Instructions to follow: Restate the data word for word and leave the images out.

Data segment:
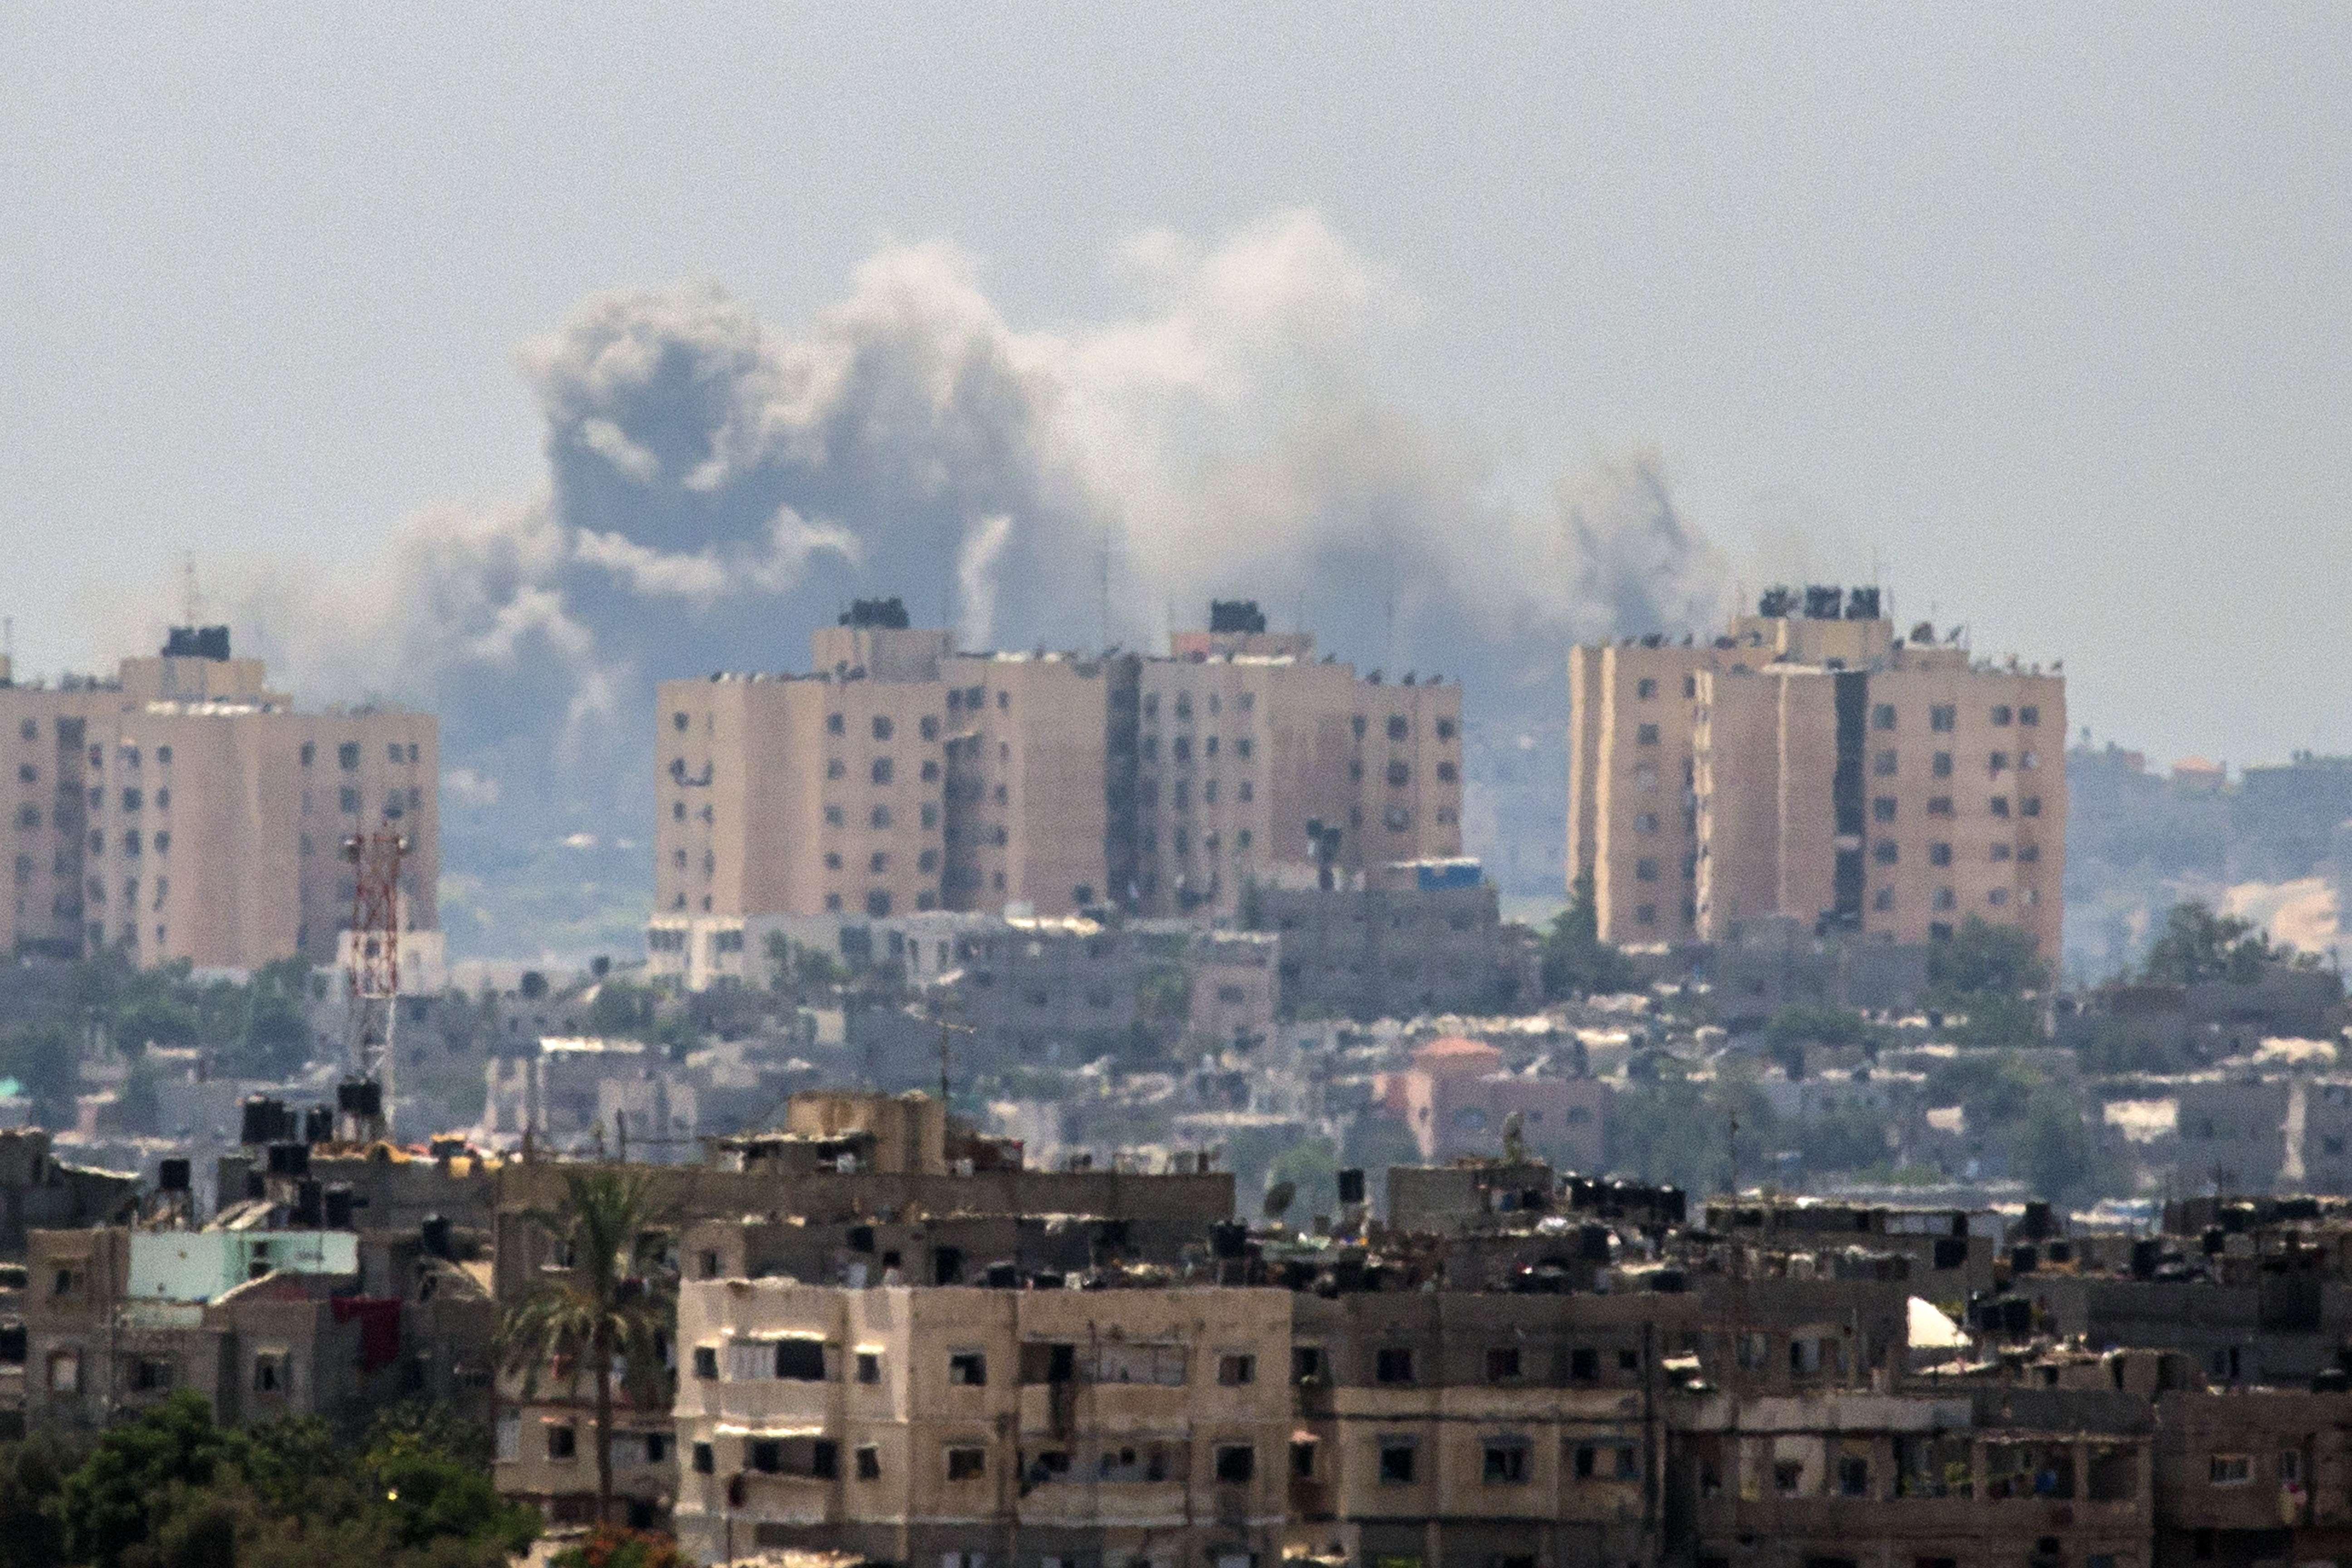 Celula de criza la nivelul MAE, pentru romanii din Fasia Gaza. Netanyahu respinge un armistitiu cu Hamas
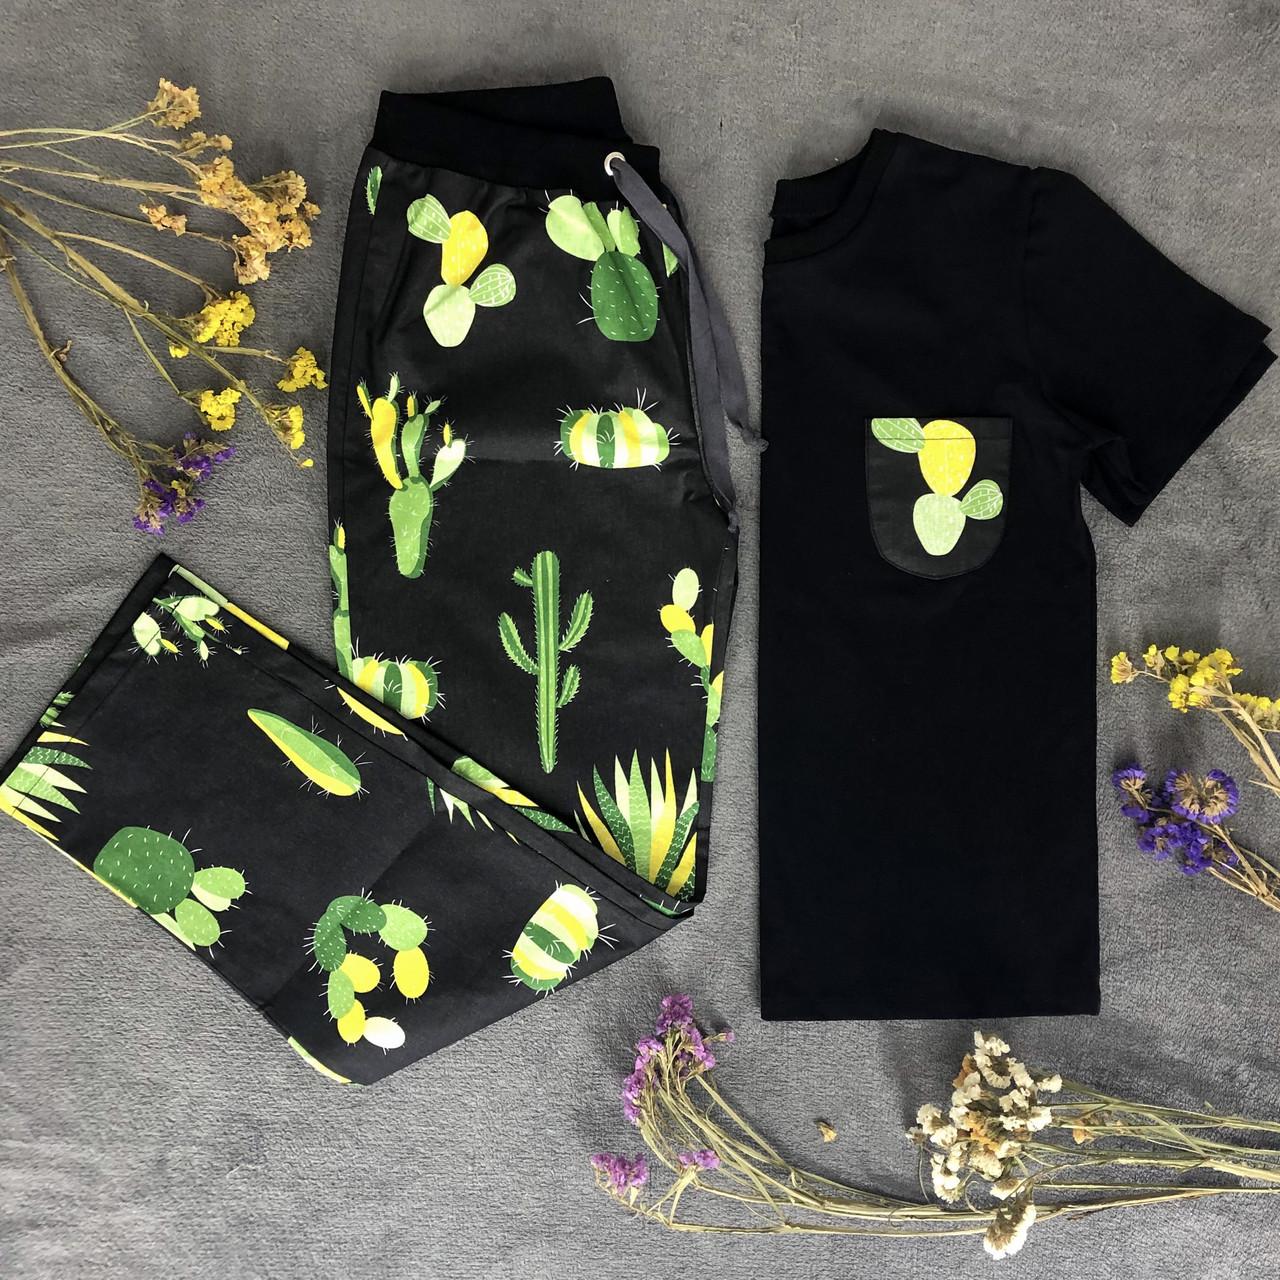 Мужской домашний костюм, мужская пижама (футболка и брюки) черная Кактусы, размер M
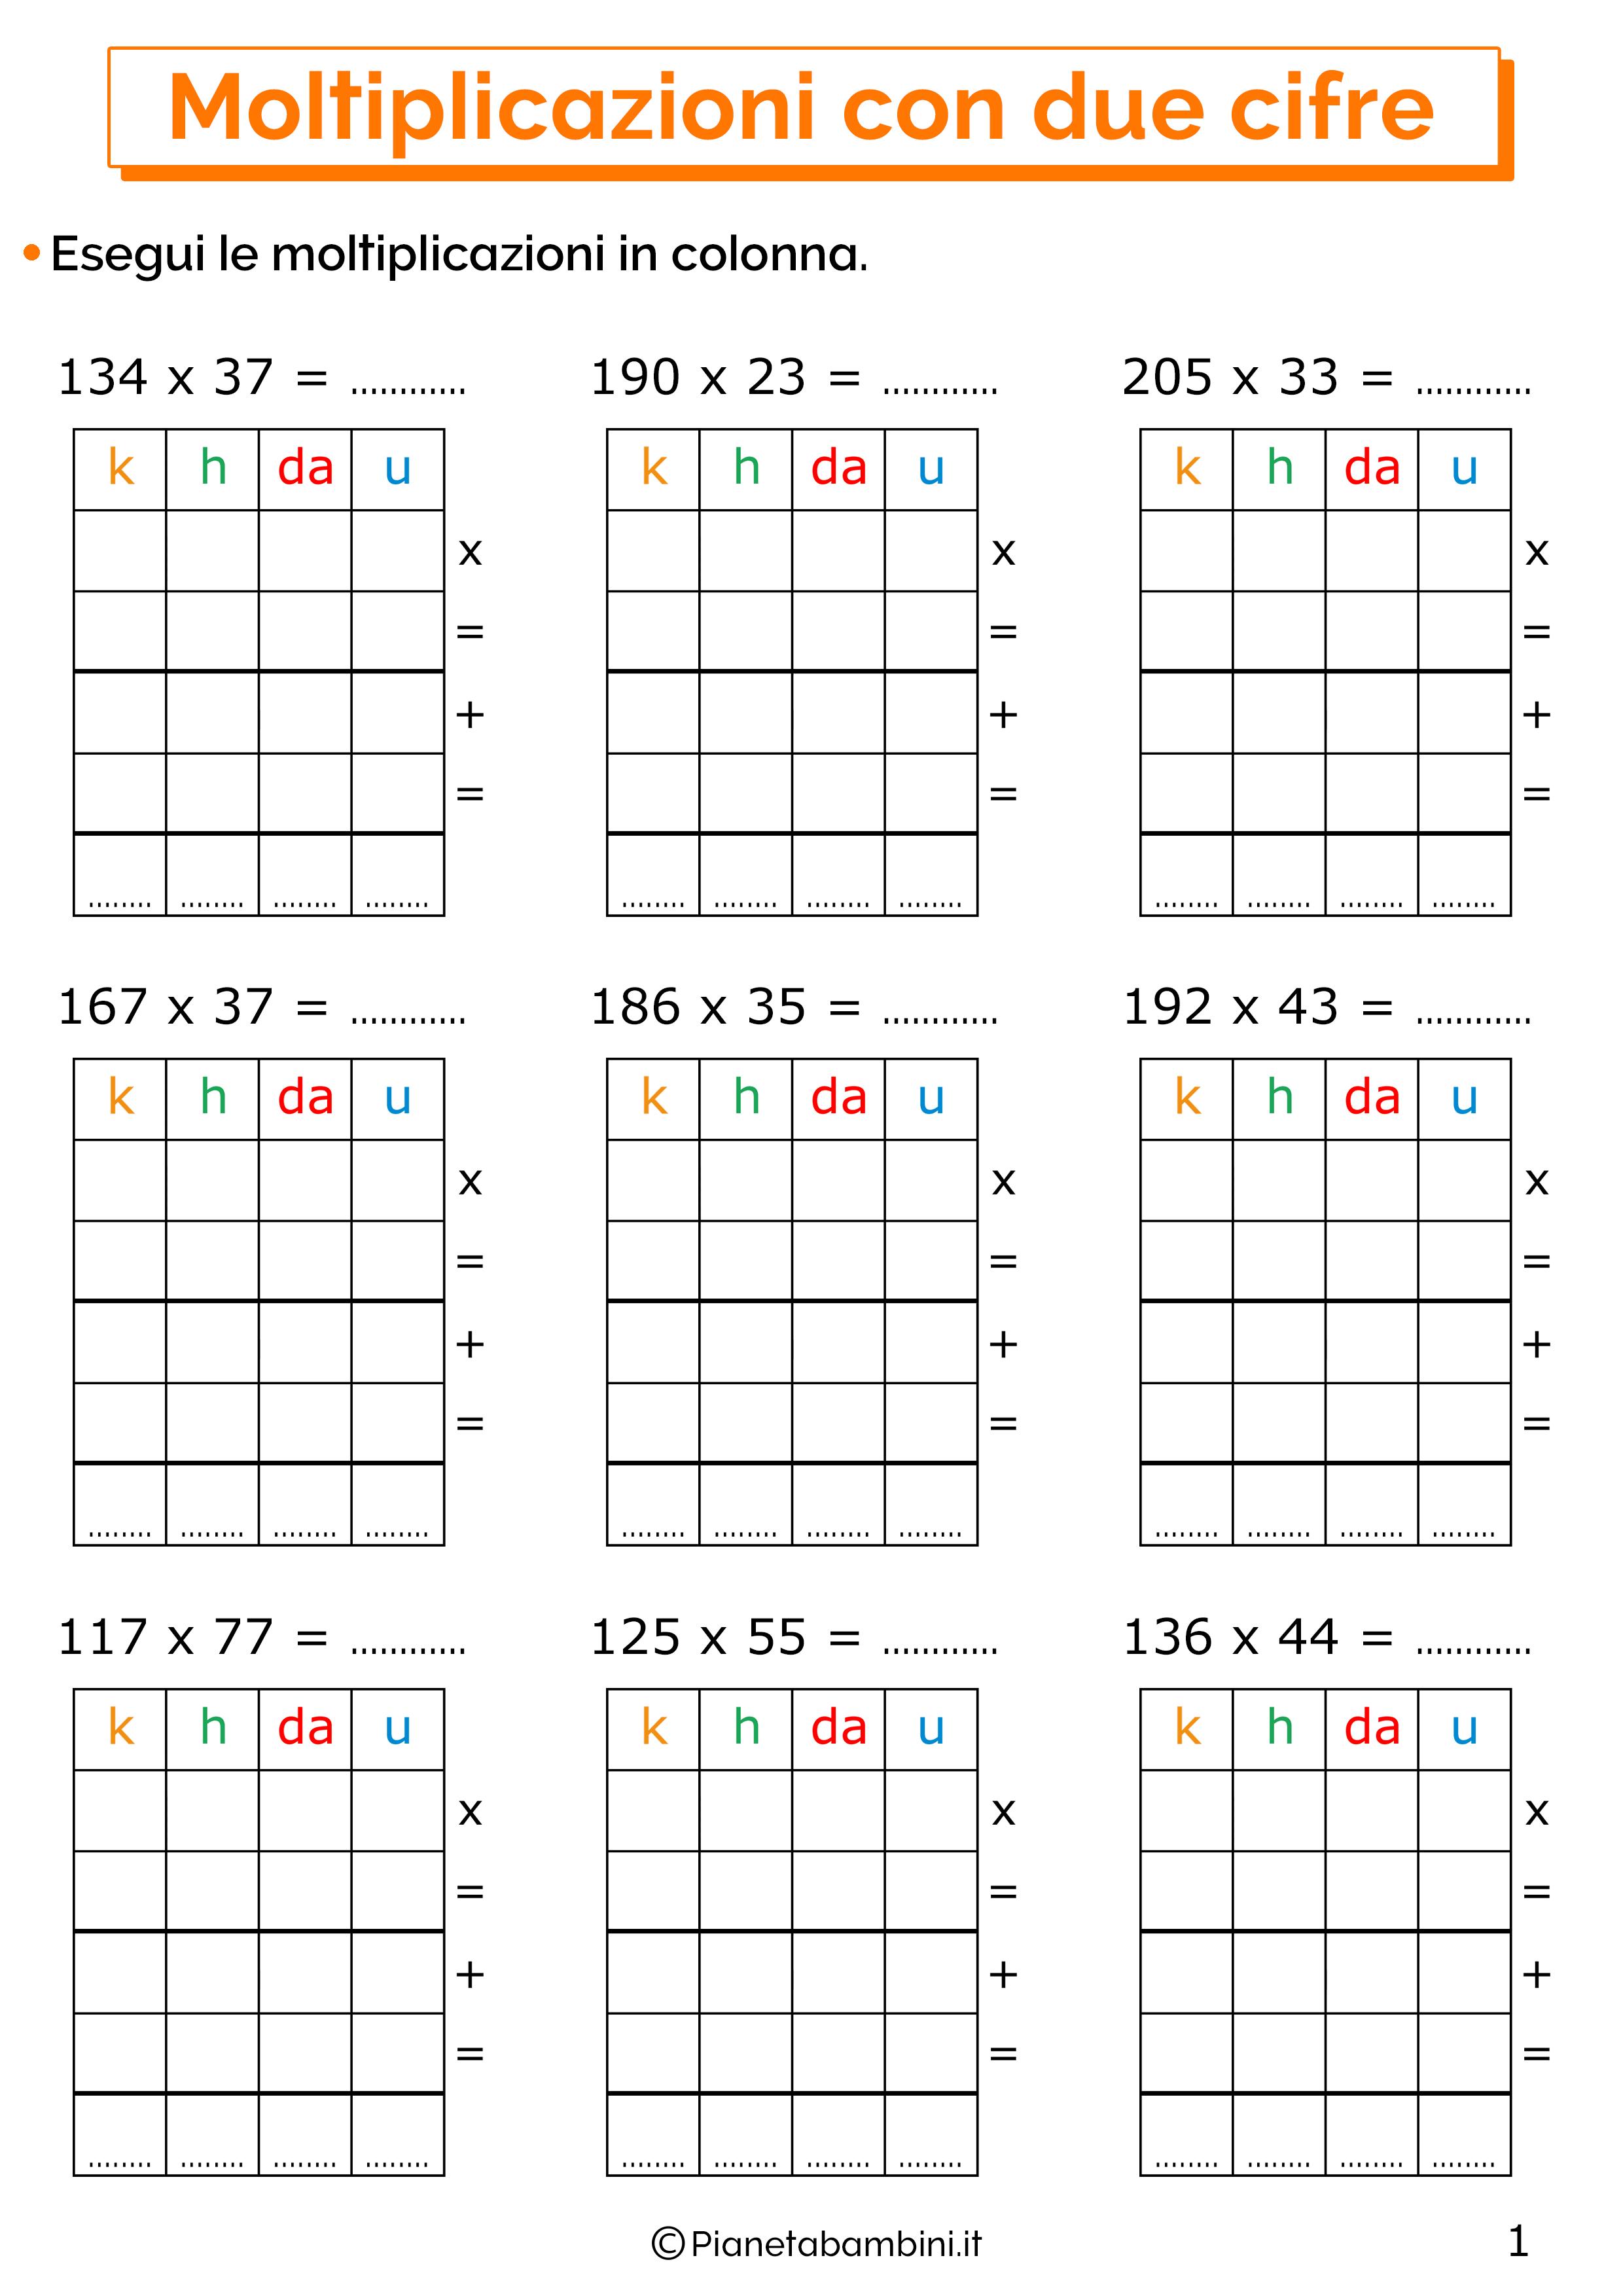 Esercizi sulle moltiplicazioni in colonna con tre cifre al moltiplicando e due cifre al moltiplicatore 1

Result:
 Celula de criza la nivelul MAE, pentru romanii din Fasia Gaza. Netanyahu respinge un armistitiu cu Hamas
 Мужской домашний костюм, мужская пижама (футболка и брюки) черная Кактусы, размер M
 Esercizi sulle moltiplicazioni in colonna con tre cifre al moltiplicando e due cifre al moltiplicatore 1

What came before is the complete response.